Entries shown:
_ _ _ _ _
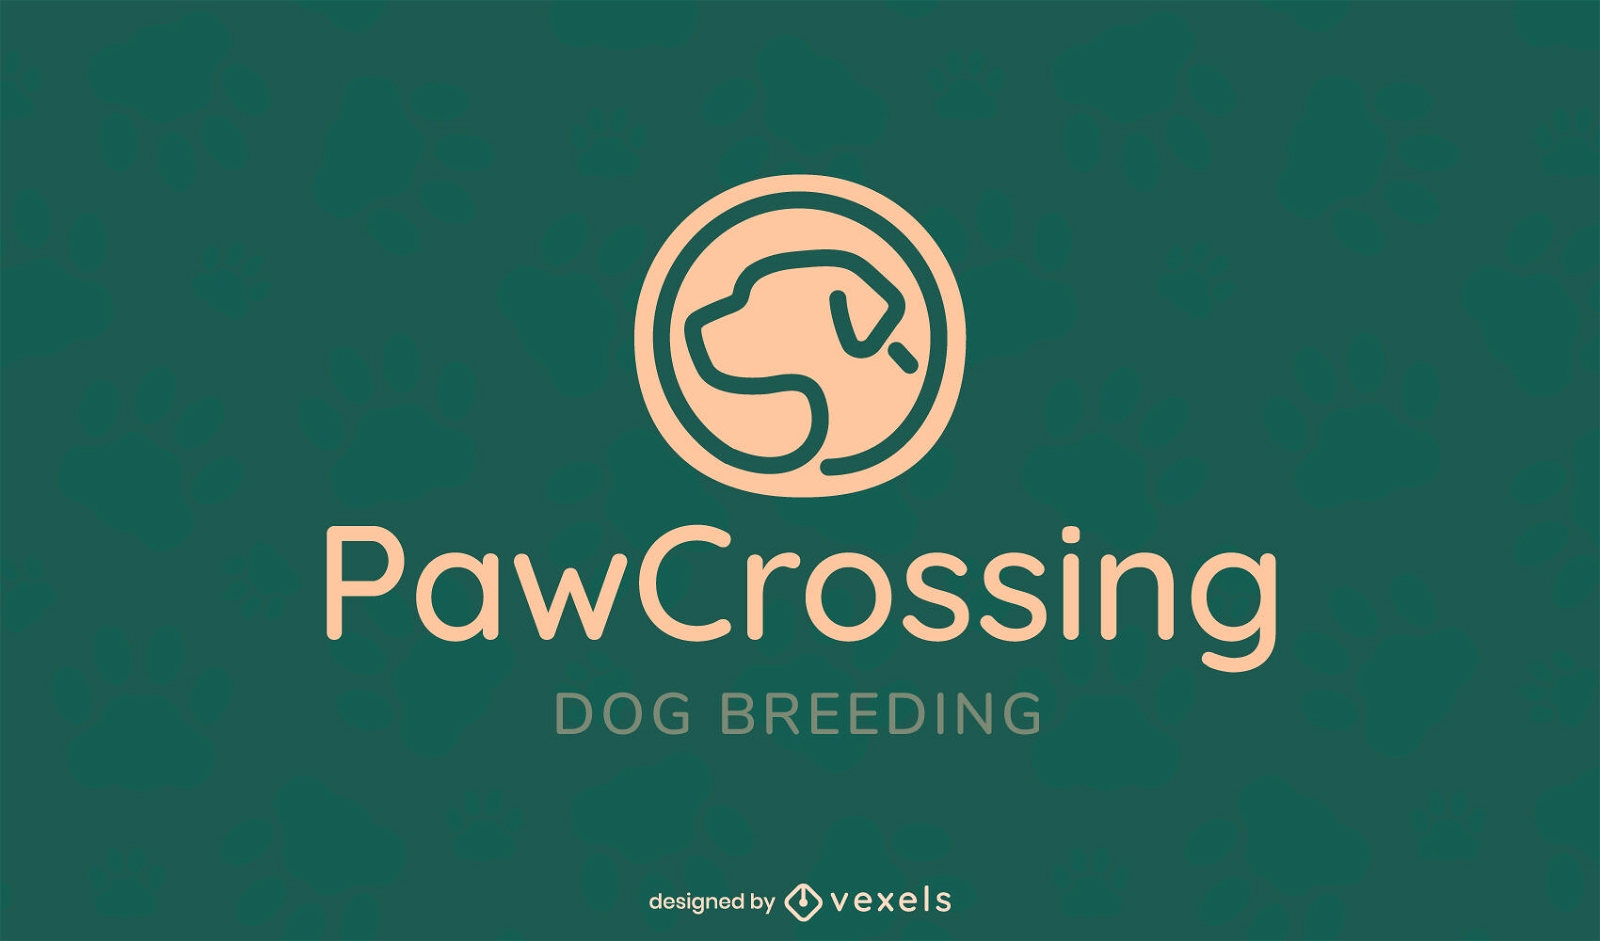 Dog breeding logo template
_ _ _ _ _
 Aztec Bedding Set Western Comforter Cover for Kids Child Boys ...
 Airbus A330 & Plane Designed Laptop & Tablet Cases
_ _ _ _ _
Task to complete: Within the listing above, extract exactly the lines from the line with "Aztec Bedding Set" to the line with "Airbus A330 &", the two named lines included, and no others.

Solved problem:
 Aztec Bedding Set Western Comforter Cover for Kids Child Boys ...
 Airbus A330 & Plane Designed Laptop & Tablet Cases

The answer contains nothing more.